Balalyk Tepe, Hephthalites and a first millennium CE Sartorial System of Central Eurasia
Details of an expansive painting, which stretched across four walls at Balalyk Tepe in northern Tokharistan (present-day southern Uzbekistan), have been included in surveys of Central Asian art since it was uncovered six decades ago by Lazar Al’baum. Always highlighted are the attendees’ splendid polychrome patterned kaftans, an outer garment distinguished by its front-fastening closure, overlapping front panels that can form a lapel, sleeves and skirting. The archaeological dating of the wall painting, which belongs to the second phase of the site’s construction, has ranged from as early as the late 5th or early 6th century CE, to as late as the 8th century CE, while art historical research supports a late 6th or early 7th-century CE date. However, of most significance to this discussion is the fact that the banqueters have remained associated with the Hephthalites and their homeland of Tokharistan. Particular attention has been given to the single, right-sided, triangular lapel of the kaftans. Scholars have claimed this design detail is a marker of Hephthalite ethnic identity, or, for those agreeing with later dating, a fashionable remnant of Hephthalite dress.
The polychrome kaftan first emerged in the archaeological record during the 5th century CE. This century likewise saw the arrival of the Hephthalites into Tokharistan, according to both textual and numismatic evidence. However, directly correlating a Hephthalite ethnic identity with the kaftan, as represented in wall paintings, becomes challenging when it is apparent that remarkably similar garments emerged from an area stretching from the Caucasus and Iran to Central Asia and the Steppe. How can we explain the existence of a garment embraced by communities across a vast geographical and temporal spread, and of varying socio-political structures?

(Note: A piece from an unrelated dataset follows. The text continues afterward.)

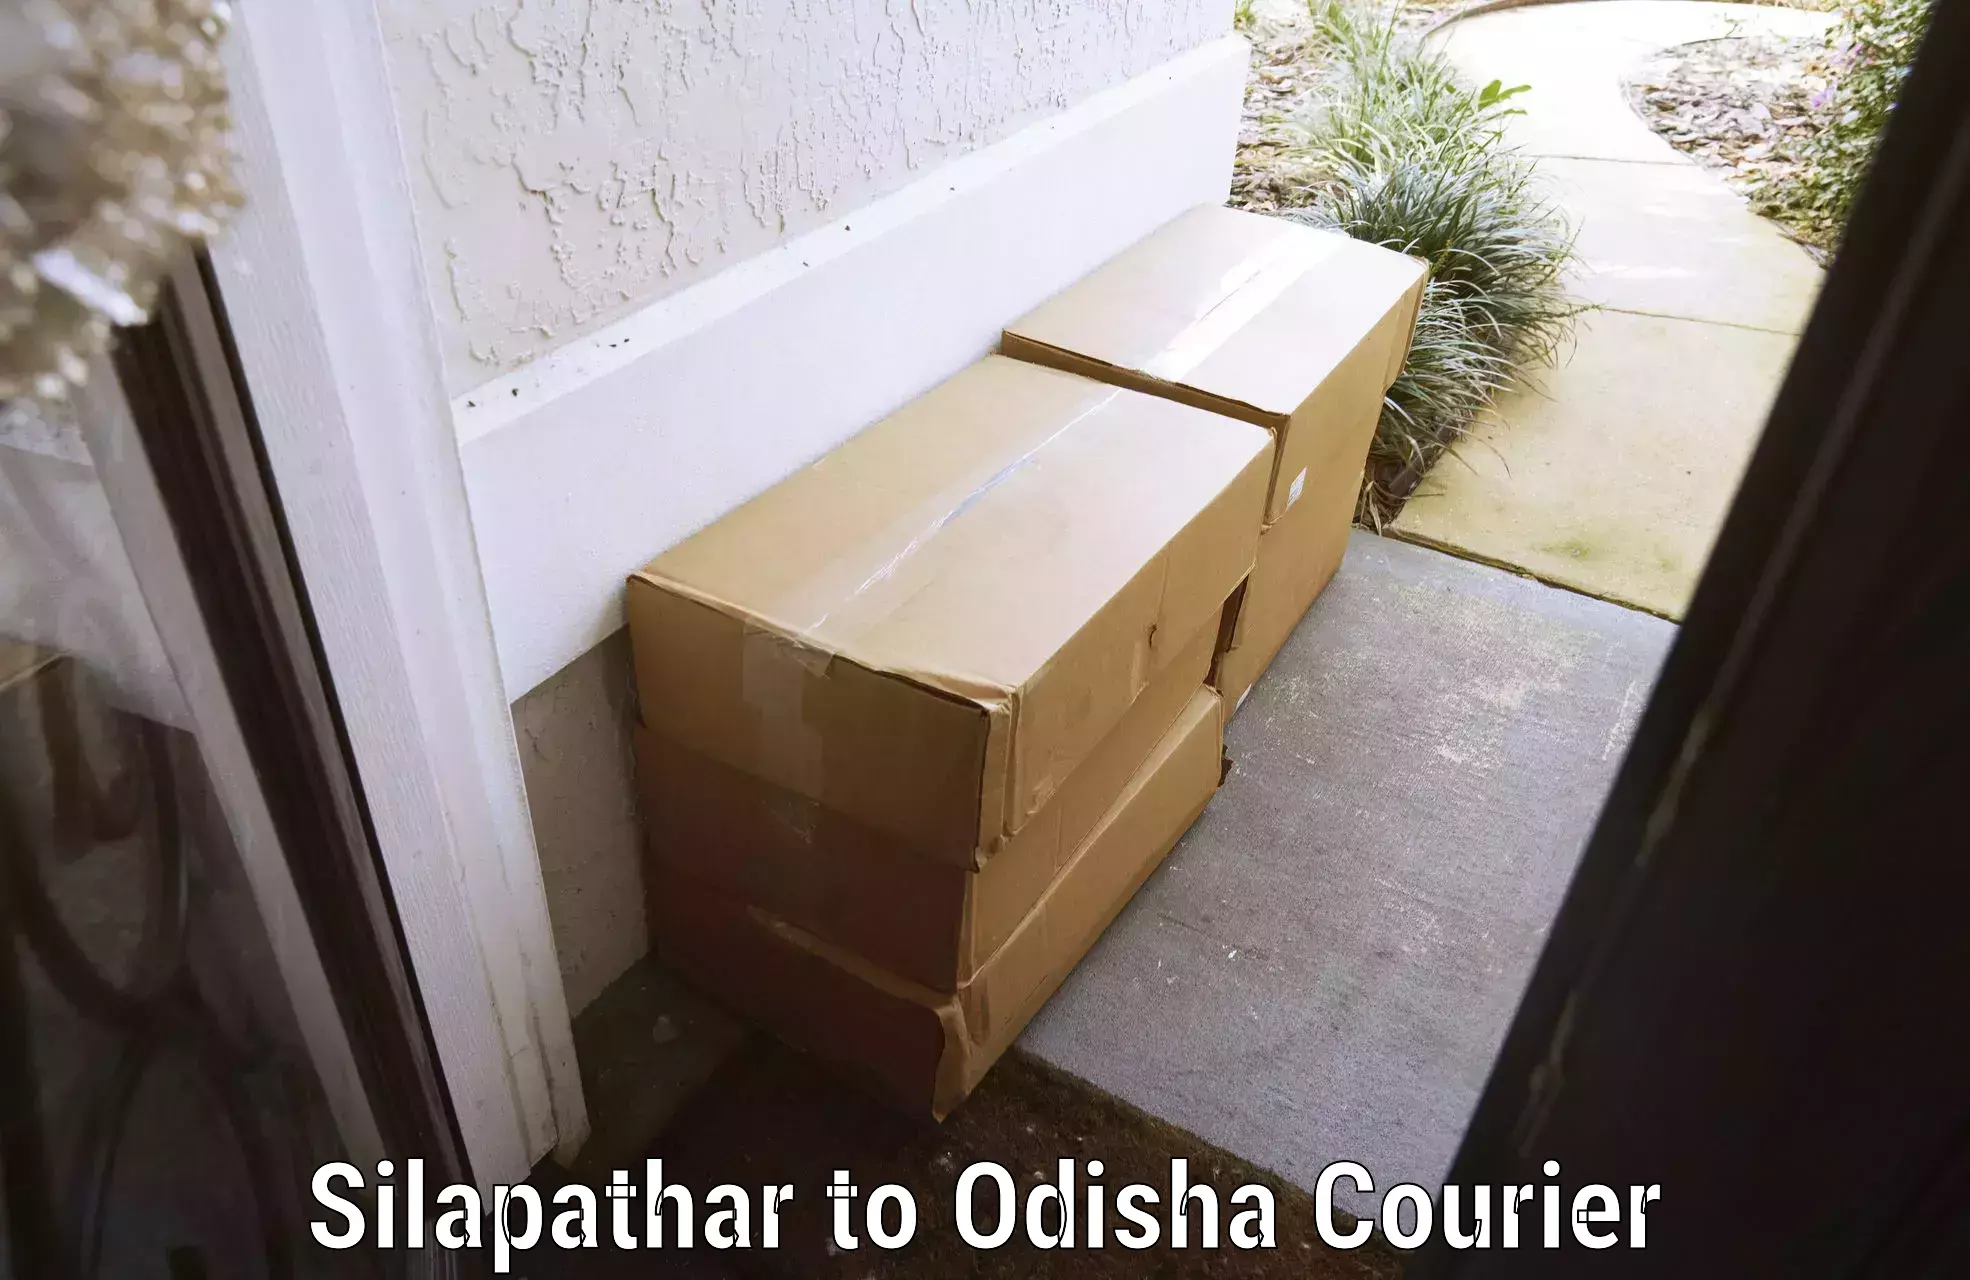 Baggage shipping experts Silapathar to Dunguripali

This paper focuses on a single case study in northern Tokharistan—Balalyk Tepe. I will introduce my working hypothesis for a first millennium CE sartorial system of Central Eurasia and consider how such a system might have influenced the understanding of this painting within a specific architectural space. First, I present the main conclusions of past scholarship on the emergence of both the polychrome kaftan and of those specific to Balalyk Tepe. Following this, I present my own analysis of the painting, considering the architectural space in which the painting was found, in order to attempt a reconstruction of the cultural code that individuals encountering these images may have recognized. Lastly, I discuss how the painting at Balalyk Tepe fits into this sartorial system.
Project History and Presentation Venue
The research for this paper began after an invitation to present on an aspect of dress, textiles and the ‘Huns’ for a conference organized by P. von Rummel and R. Payne at the German Archaeological Institute in Berlin. The proceedings of the conference, “The Huns between Central Asia, the Near East, and Europe: The Archaeology of Nomadic Imperialism, circa 300 – 600 CE,” will be worked an edited volume by the organizers.
This content of this paper is also part of the third chapter of my dissertation, which looks at the social function of the polychrome kaftan at both formal banquets and drinking parties.